Example HyperConverged object with nodeSelector rule

apiVersion: hco.kubevirt.io/v1beta1
kind: HyperConverged
metadata:
  name: kubevirt-hyperconverged
  namespace: openshift-cnv
spec:
  infra:
    nodePlacement:
      nodeSelector:
        example.io/example-infra-key: example-infra-value 1
  workloads:
    nodePlacement:
      nodeSelector:
        example.io/example-workloads-key: example-workloads-value 2

1
Infrastructure resources are placed on nodes labeled example.io/example-infra-key = example-infra-value.
2
workloads are placed on nodes labeled example.io/example-workloads-key = example-workloads-value.

Example HyperConverged object with affinity rule

apiVersion: hco.kubevirt.io/v1beta1
kind: HyperConverged
metadata:
  name: kubevirt-hyperconverged
  namespace: openshift-cnv
spec:
  infra:
    nodePlacement:
      affinity:
        nodeAffinity:
          requiredDuringSchedulingIgnoredDuringExecution:
            nodeSelectorTerms:
            - matchExpressions:
              - key: example.io/example-infra-key
                operator: In
                values:
                - example-infra-value 1
  workloads:
    nodePlacement:
      affinity:
        nodeAffinity:
          requiredDuringSchedulingIgnoredDuringExecution:
            nodeSelectorTerms:
            - matchExpressions:
              - key: example.io/example-workloads-key 2
                operator: In
                values:
                - example-workloads-value
          preferredDuringSchedulingIgnoredDuringExecution:
          - weight: 1
            preference:
              matchExpressions:
              - key: example.io/num-cpus
                operator: Gt
                values:
                - 8 3

1
Infrastructure resources are placed on nodes labeled example.io/example-infra-key = example-value.
2
workloads are placed on nodes labeled example.io/example-workloads-key = example-workloads-value.
3
Nodes that have more than eight CPUs are preferred for workloads, but if they are not available, pods are still scheduled.

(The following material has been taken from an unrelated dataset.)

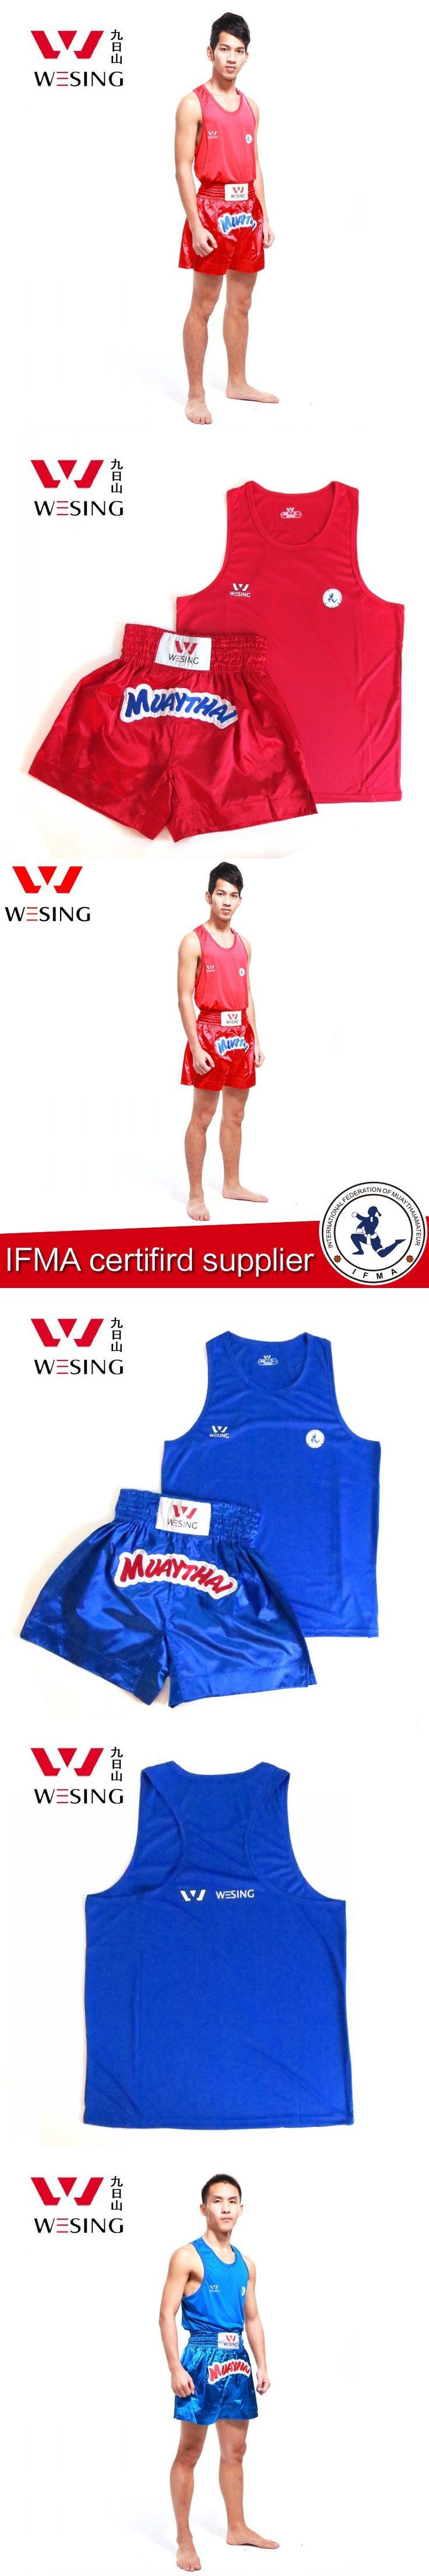 Freeshipping High Quality Muay Thai/kungfu Shorts Muay Thai Shirt Muay Thai Uniform Short Muay Thai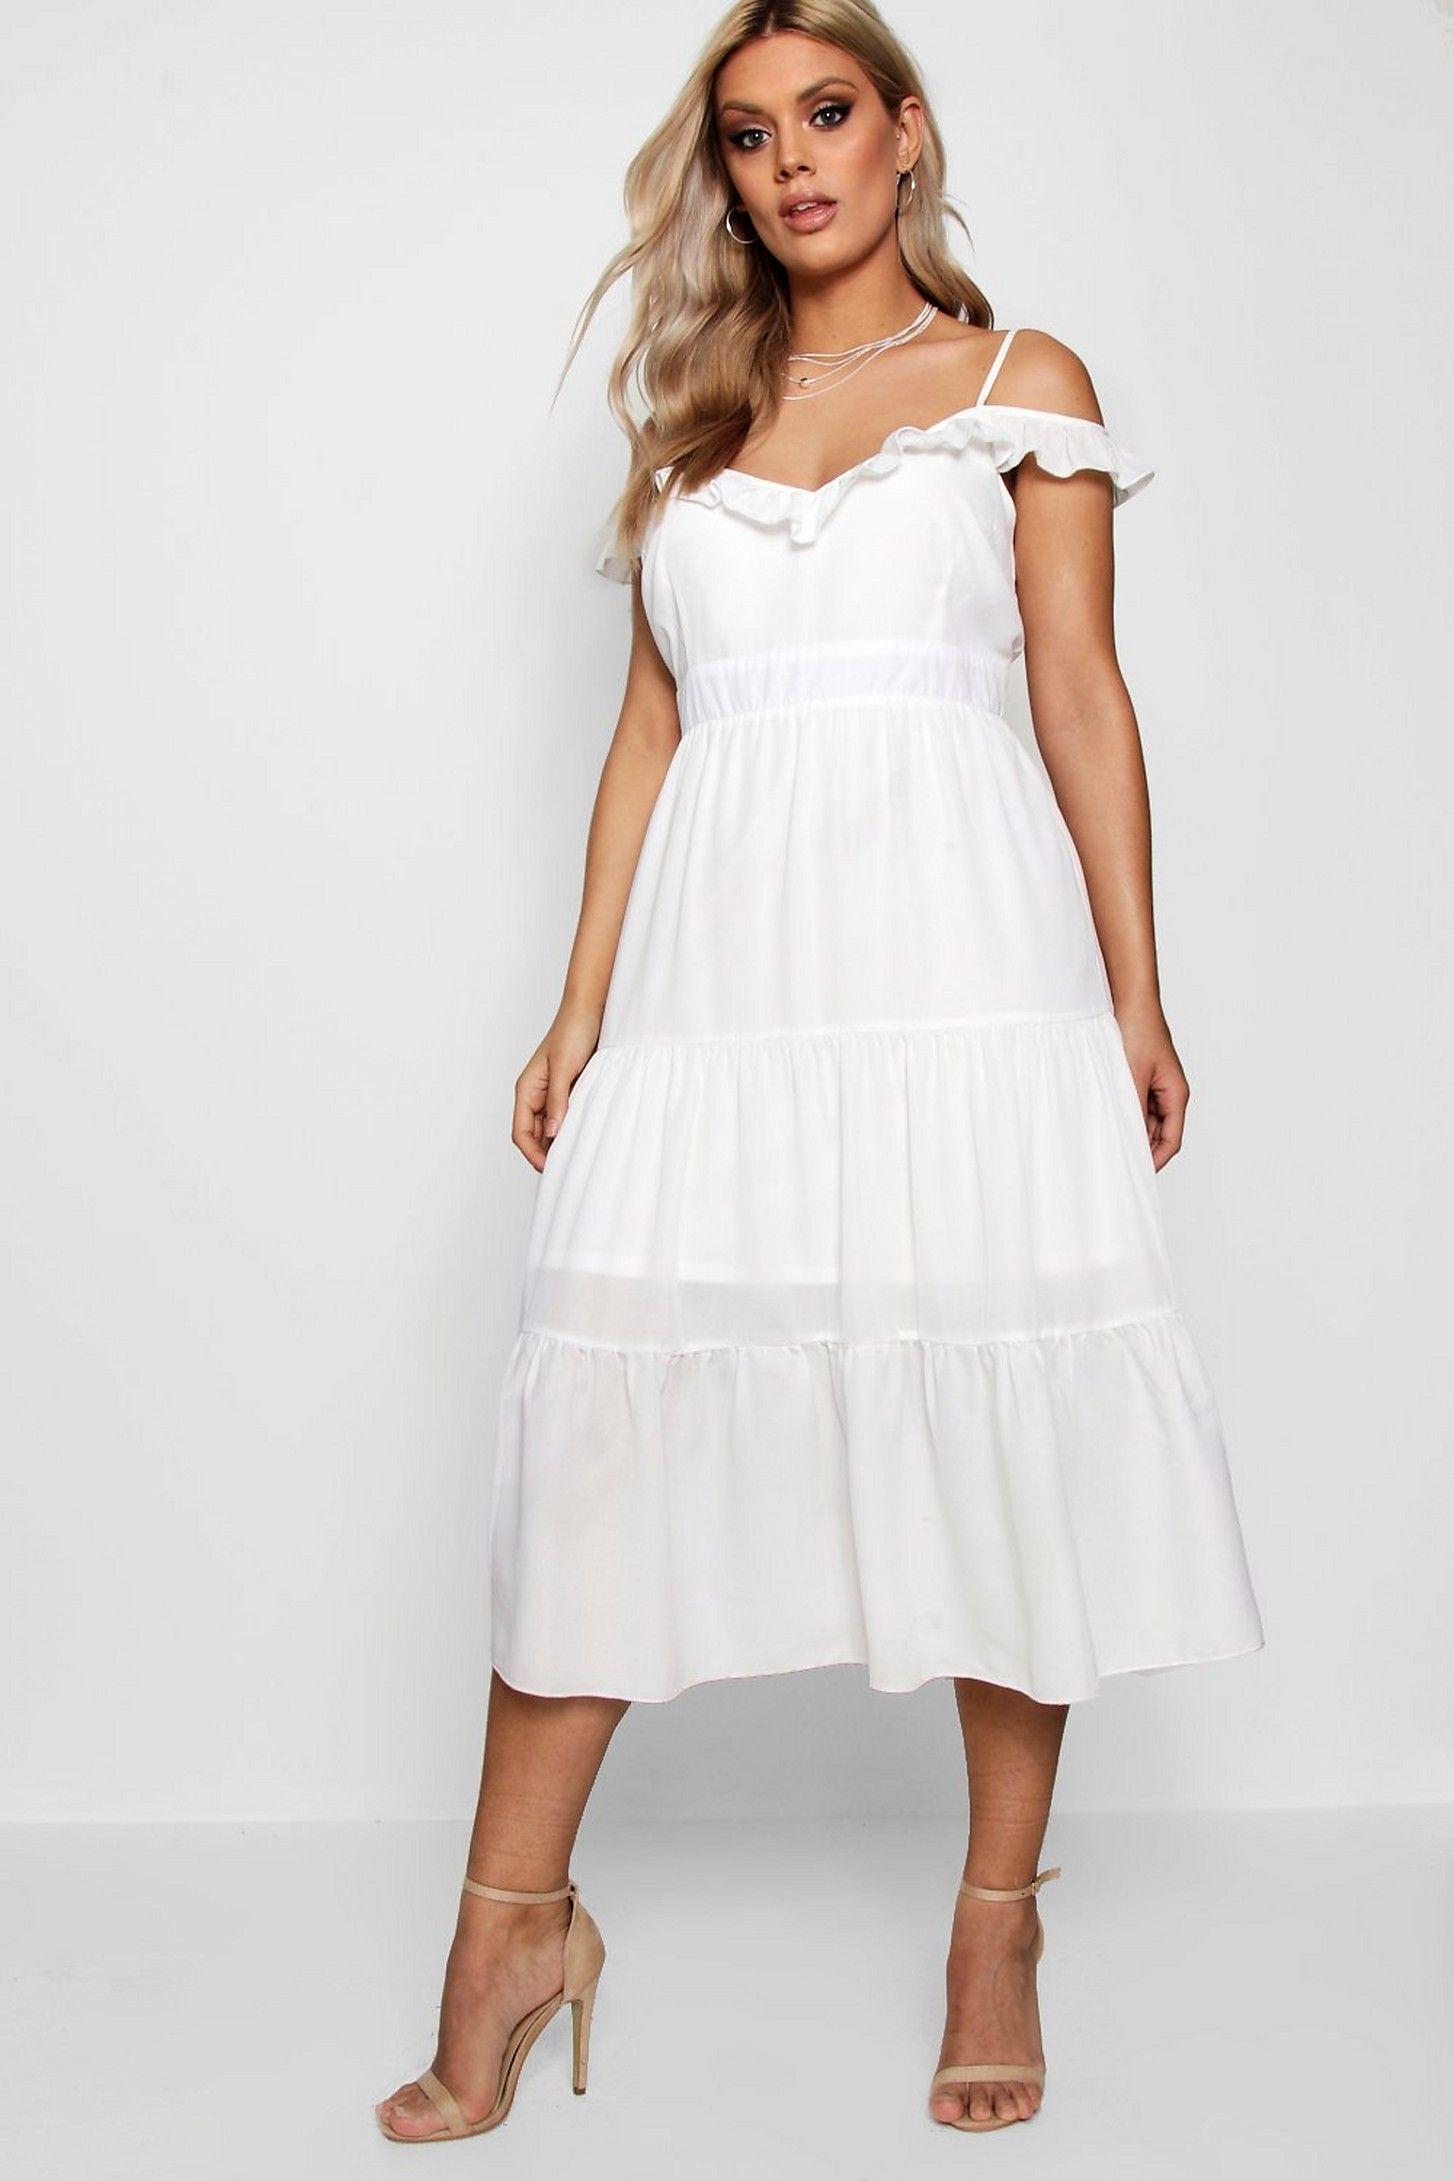 a88da39167d4 Plus Frill Detail Cold Shoulder Dress in 2019 | Dresses | Dresses ...

Example HyperConverged object with tolerations rule

apiVersion: hco.kubevirt.io/v1beta1
kind: HyperConverged
metadata:
  name: kubevirt-hyperconverged
  namespace: openshift-cnv
spec:
  workloads:
    nodePlacement:
      tolerations: 1
      - key: "key"
        operator: "Equal"
        value: "virtualization"
        effect: "NoSchedule"

1
Nodes reserved for OpenShift Virtualization components are labeled with the key = virtualization:NoSchedule taint. Only pods with matching tolerations are scheduled on reserved nodes.

5.2.3.3. HostPathProvisioner object node placement rule example

You can edit the HostPathProvisioner object directly or by using the web console.

Warning

You must schedule the hostpath provisioner and the OpenShift Virtualization components on the same nodes. Otherwise, virtualization pods that use the hostpath provisioner cannot run. You cannot run virtual machines.

After you deploy a virtual machine (VM) with the hostpath provisioner (HPP) storage class, you can remove the hostpath provisioner pod from the same node by using the node selector. However, you must first revert that change, at least for that specific node, and wait for the pod to run before trying to delete the VM.

You can configure node placement rules by specifying nodeSelector, affinity, or tolerations for the spec.workload field of the HostPathProvisioner object that you create when you install the hostpath provisioner.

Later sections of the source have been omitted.